Альс неласково ухмыльнулся, и ничего не ответил. Но его поняли без слов. С такой рожей, да при мечах, рот раскрывать не обязательно. От греха подальше мужики ретировались с поля несостоявшейся битвы. И по всему выходило, будто проезжий благородный воин совершил деяние достойное небольшой, но трогательной баллады. И вовсе не потому, что Альс любил старух. Скорее наоборот, человеческие старухи вызывали у него сложные смешанные чувства, и среди них симпатия не водилась.
— Если ты думаешь, что я стану тебе благодарить, то здорово ошибаешься, — сказала женщина, даже не посмотрев на своего спасителя. Она медленно собирала рассыпные яблоки.
— Я так и не думаю.
— Тогда зачем? — в её голосе прорезалось некоторое любопытство.
— А какая теперь разница? — пожал плечами Альс.
— По крайней мере, честно…
— Я не вижу смысла врать.
Они встретились взглядами. Впервые по настоящему посмотрели друг на друга. И этот взгляд решил дело. Альс молча спешился и помог собрать пожитки.
— Как тебя зовут? — спросила старуха.
— Ириен Альс. А тебя?
— Ондоль.
— Просто Ондоль?
— Точно!
Кривоватая усмешка растянула сухие потрескавшиеся губы женщины, отливающие нездоровой синевой.
— Ну…, как знаешь, — согласился неохотно эльф.
"Не хочет человек говорить — не надо", — решил он
Она жила в маленьком доме берегу озера, похожем на гнездо неряшливой птицы.

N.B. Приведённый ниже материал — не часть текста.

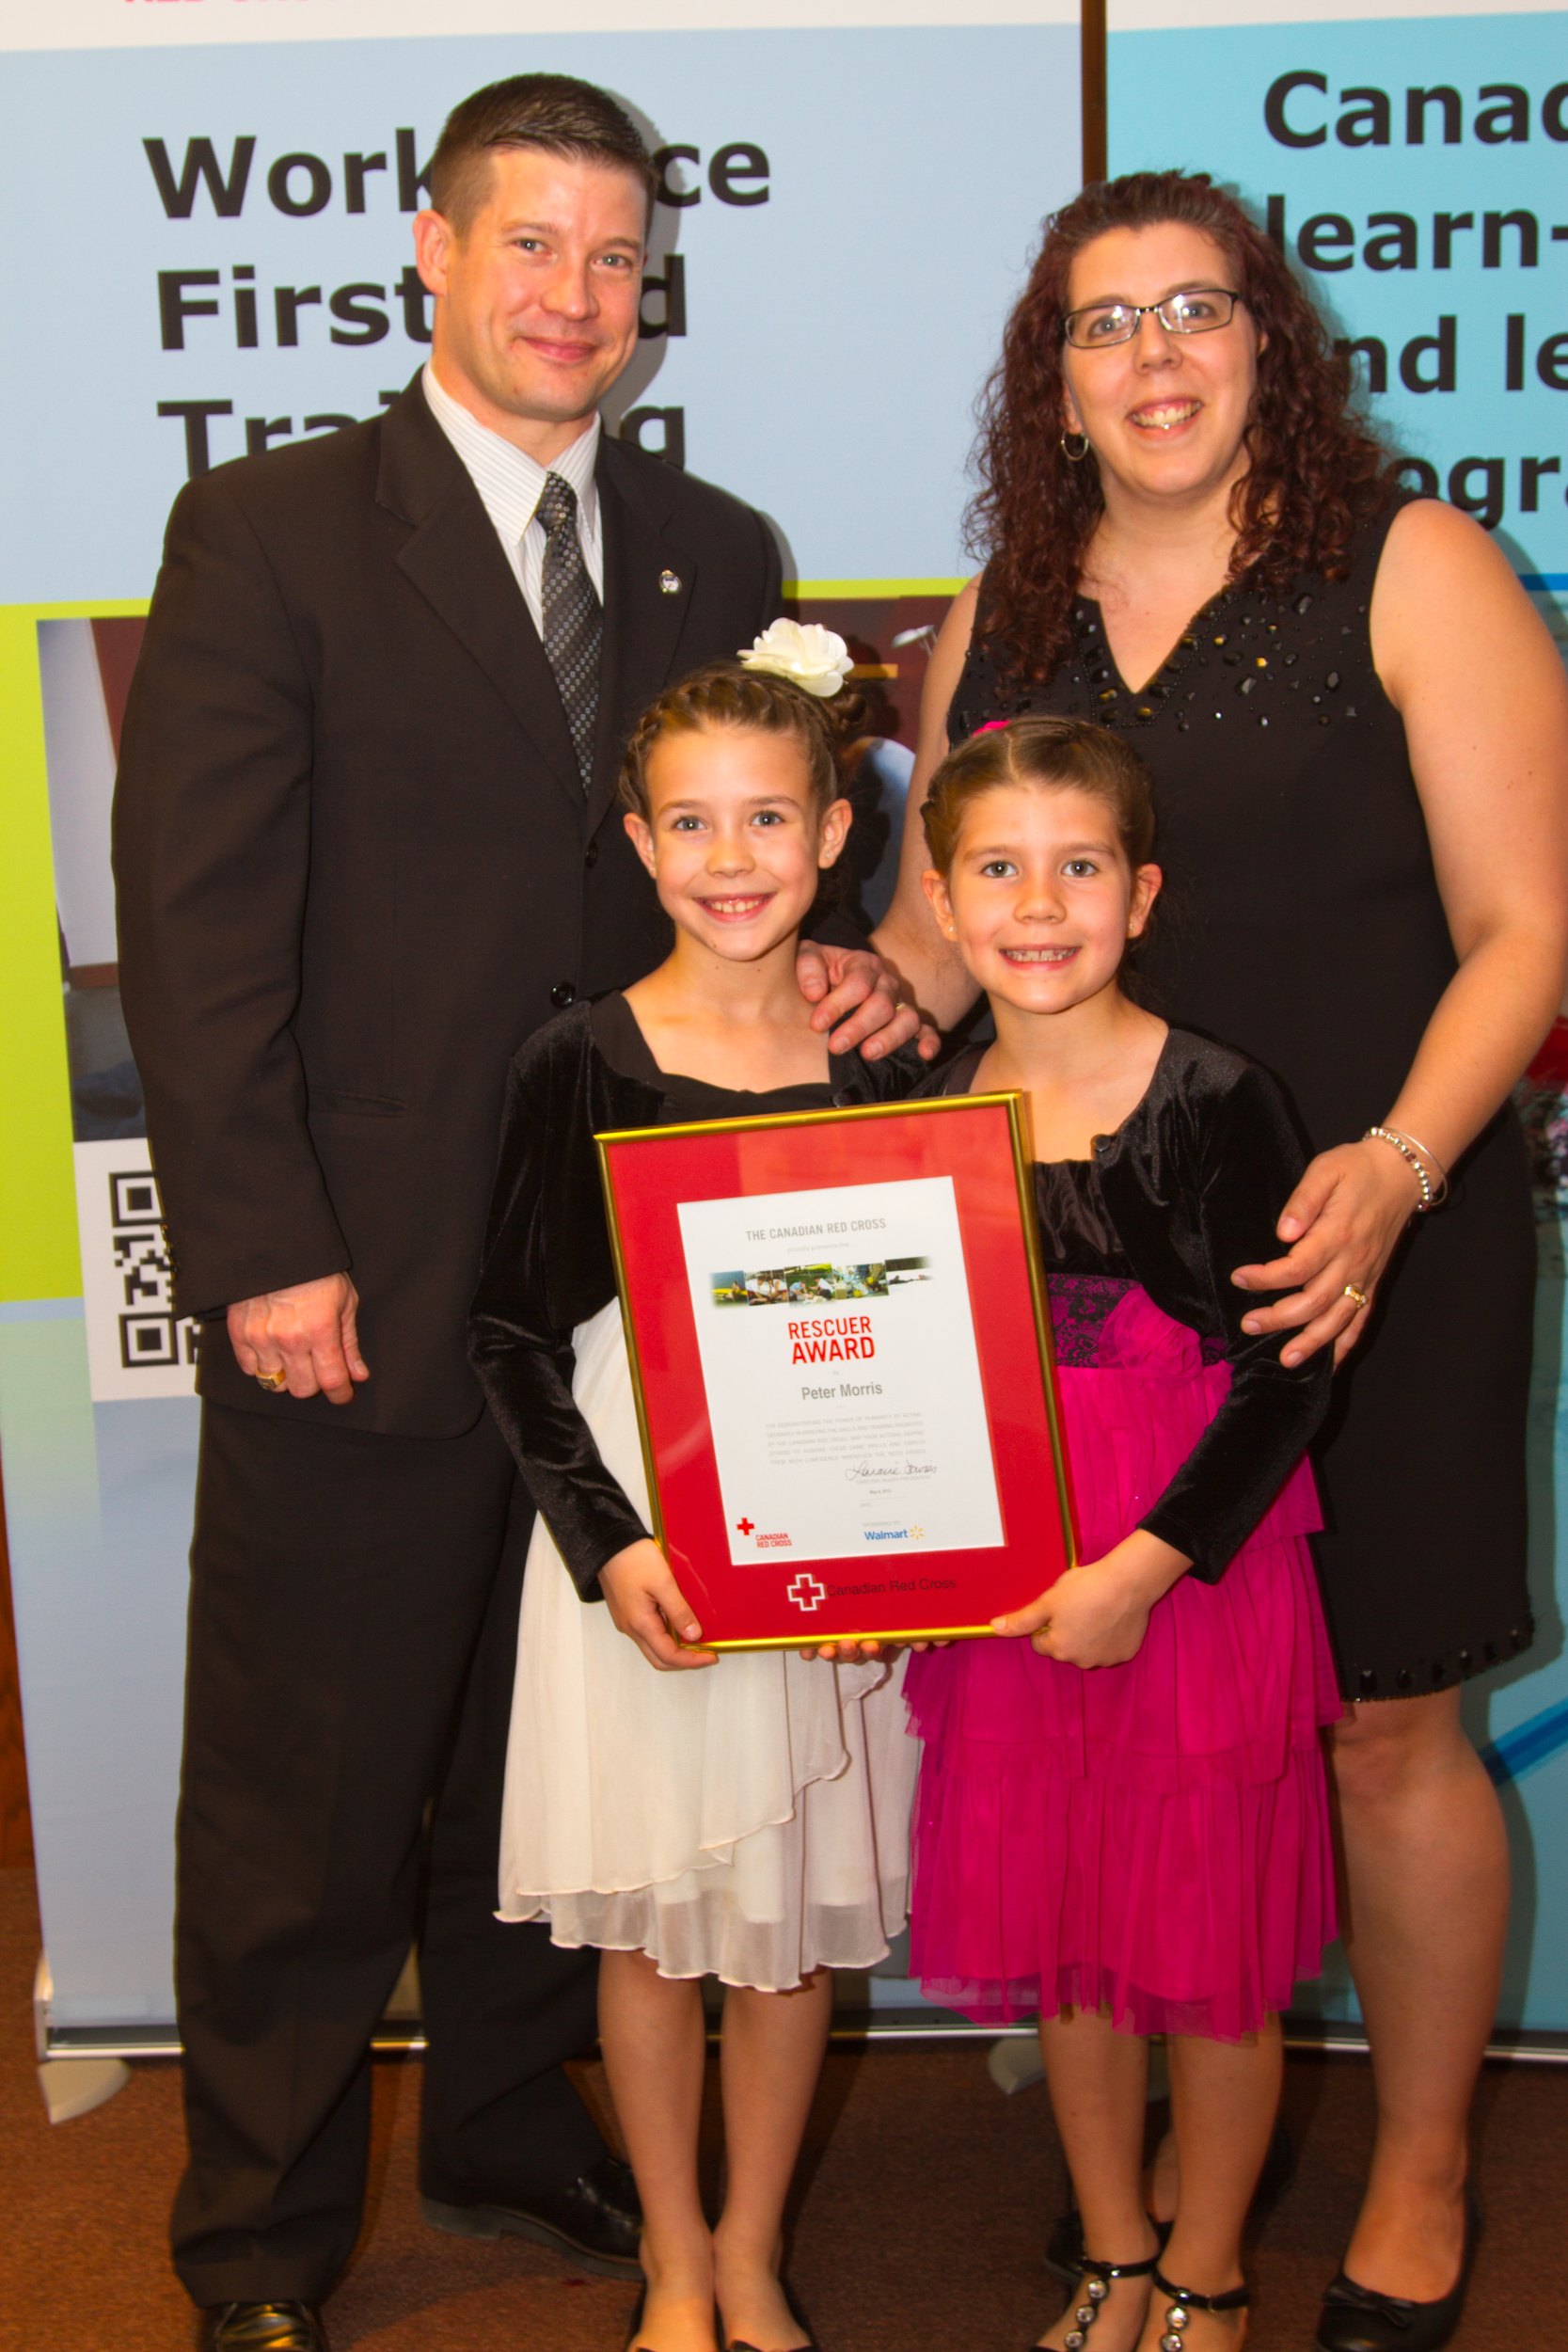 Constable Peter Morris and his family. Const. Morris received a Rescue Award from the Red Cross.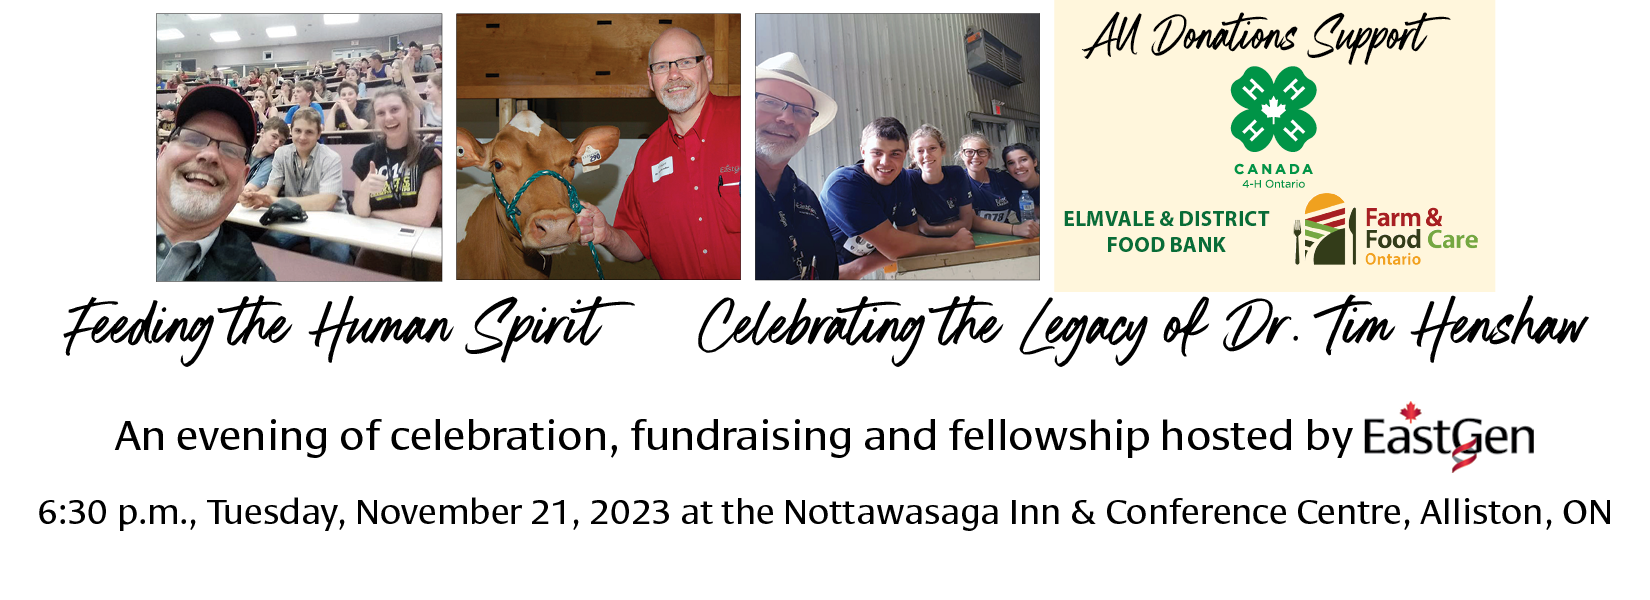 Donations Page - Feeding the Human Spirit - Celebrating the Legacy of Dr. Tim Henshaw - Presented by EastGen

Крыша, крытая камышом, требовала починки, причем срочной, бычий пузырь на окне порвался, дверь перекосило. Но внутри идеальная чистота и порядок резали глаз. Каждая вещица лежала на своем месте, очаг чистился регулярно, пол мылся каждый день. Откуда только силы брались? Впрочем, Альс-то как раз знал, откуда эти силы.
— Твоя лодка? — спросил он, показывая на искусно сработанный челн.
— Мужнина.
Ириен ничего не стал спрашивать про мужа.
— Давно схоронила?
— Семь лет назад.
— Хорошая лодка, — похвалил эльф.
— Он умел, — согласилась Ондоль и ушла в дом готовить обед.